In the late 1960s, the call letters were changed to KPCO (K-Plumas County).  In the early to mid-1970s KPCO reached its greatest success.

In 1976, the station moved to new state of the art studios in downtown Quincy, and a new 5,000 watt transmitter was installed at the old site.  From 6:00 am to 8:00 am, local host Andy Anderson, who was also Quincy’s Fire Chief, hosted a country music program.  The rest of the day, programmed by Stan Castles who had large market radio experience in Texas, KPCO became a tightly formatted Top 40 radio station.  Personalities who went on to radio careers elsewhere included Chris Marker and Steve Rusk.  KPCO was also the primary source for daily news in Plumas County.  A half-hour local newscast was broadcast each morning from 8:00 to 8:30, with a live call in talk show “People's Dialogue” from 8:30 to 9:00.  There were hourly newscasts throughout the day with extended news programs at noon and 4:00 PM.  News directors included Tom Guarino and Dan Adams, who went on to KHSL-TV in Chico, California and eventually on to KXTV, News10 in Sacramento for 27 years.

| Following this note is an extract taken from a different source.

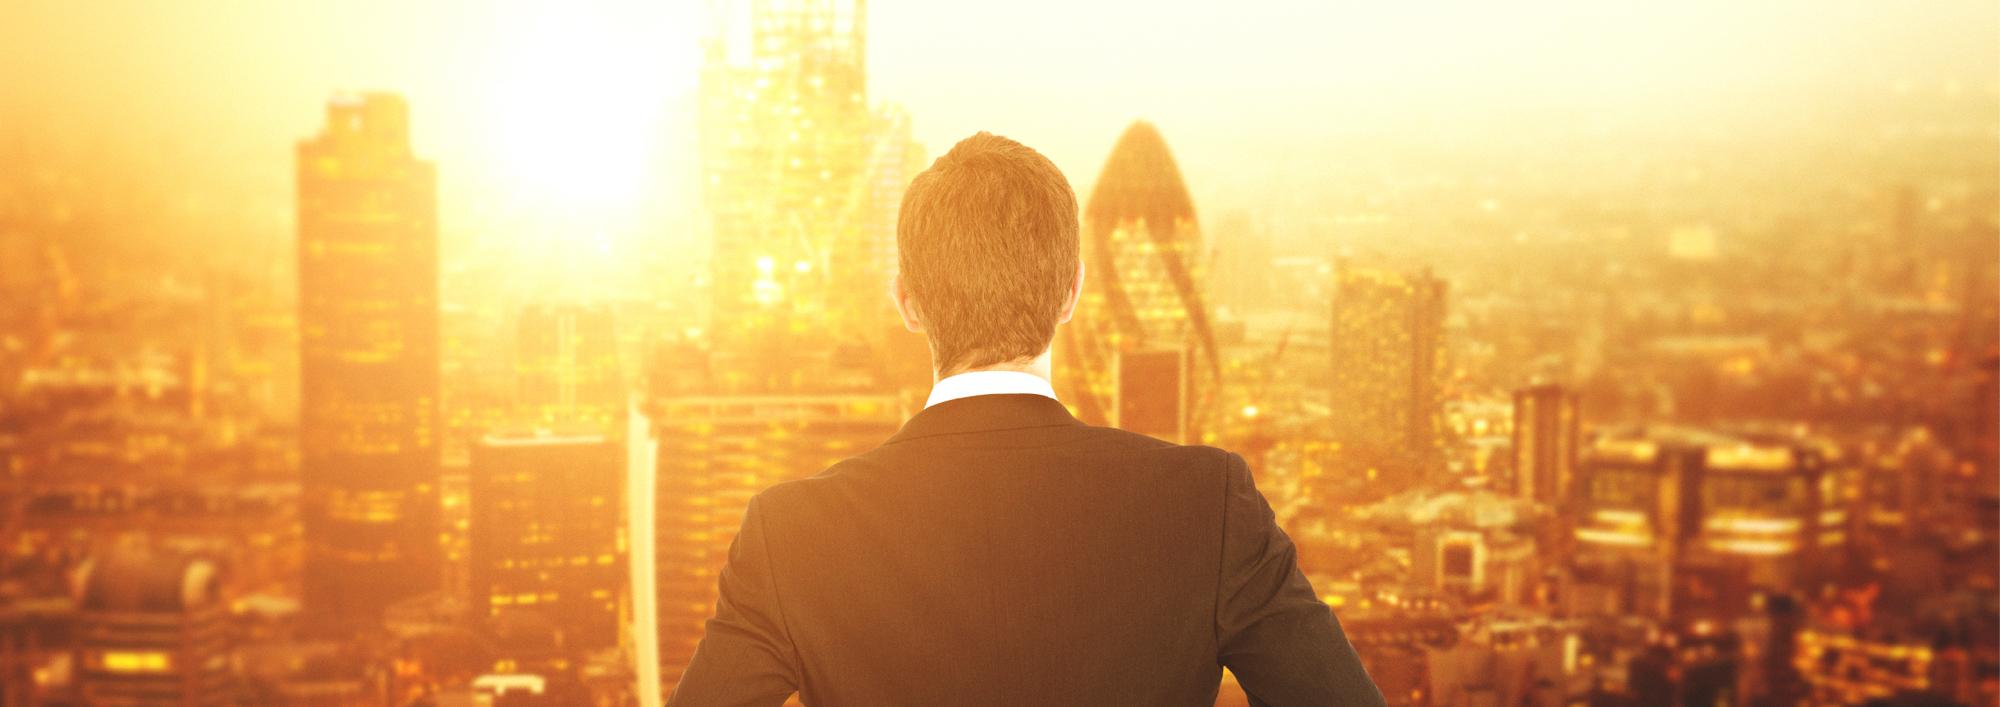 Expert Opinion, Portfolio, Wealth Management

In the early 1980s, KPCO was granted a license to broadcast full-time, and its commitment to Plumas County expanded as its signal strength increased to include much of the county.  In the 1990s, longtime owner Ralph Wittick sold KPCO, which began a slow decline.  As other radio stations signed on the air in Plumas County, KPCO was no longer the only choice.  By the late 1990s, KPCO abandoned music and adopted a conservative talk show format.  After a series of changes in ownership, KPCO went off the air in 2007.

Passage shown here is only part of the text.